$(f_1\,{\preceq}\,f_2)\,{\land}\,0_F\,{\preceq}\,f_3{\implies}f_1f_3\,{\preceq}\,f_2f_3$

Question

How do I prove that in totally ordered fields $(f_1\,{\preceq}\,f_2)\,{\land}\,0_F\,{\preceq}\,f_3{\implies}f_1f_3\,{\preceq}\,f_2f_3$ is true?

I am pretty sure I've seen this theorem used, although during a search on the Internet I still couldn't find any proof of it.

Answer 1

Let me recall from Wikipedia that:

A field $(F, +, \cdot)$ together with a total order $\preceq$ on $F$ is an ordered field if the order satisfies the following properties for all $a, b$ and $c$ in $F$:
i) if $a \preceq b$ then $a + c \preceq b + c$, and
ii) if $0_F \preceq a$ and $0_F \preceq b$ then $0_F \preceq a \cdot b$.

Suppose that $f_1\preceq f_2$ and $0_F\preceq f_3$.

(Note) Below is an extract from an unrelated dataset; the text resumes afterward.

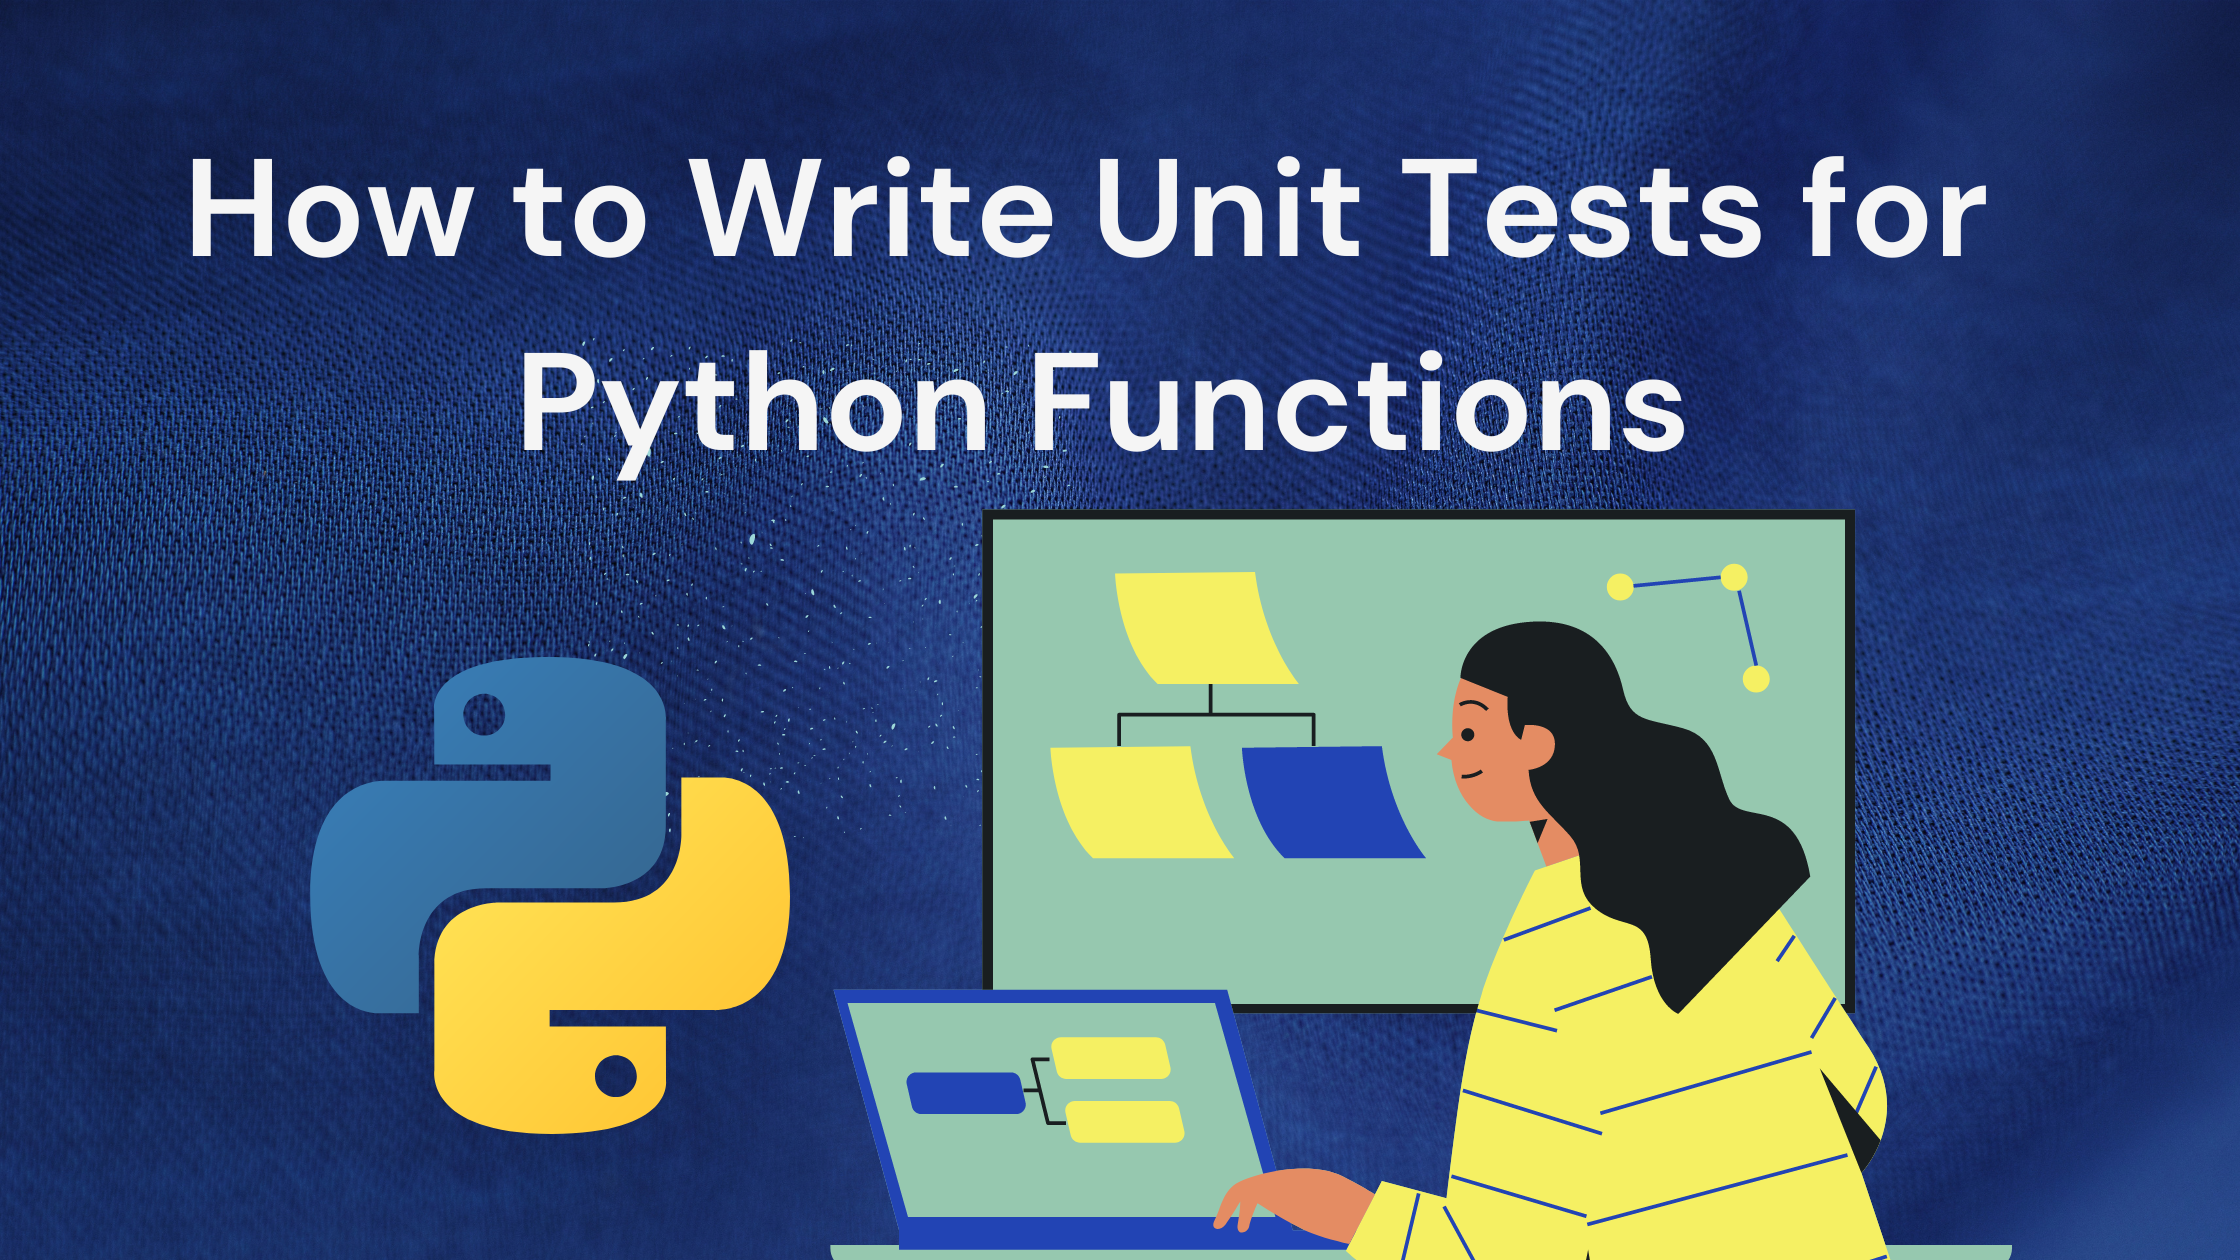 How to Write Unit Tests for Python Functions

By i) we have $$0_F=f_1-f_1 \preceq f_2-f_1$$
By ii) we have $$0_F=0_F\cdot f_3 \preceq (f_2-f_1)\cdot f_3=f_2\cdot f_3- f_1\cdot f_3$$
By i) we have $$f_1\cdot f_3 =0_F+f_1\cdot f_3 \preceq f_2\cdot f_3- f_1\cdot f_3+f_1\cdot f_3 =f_2\cdot f_3$$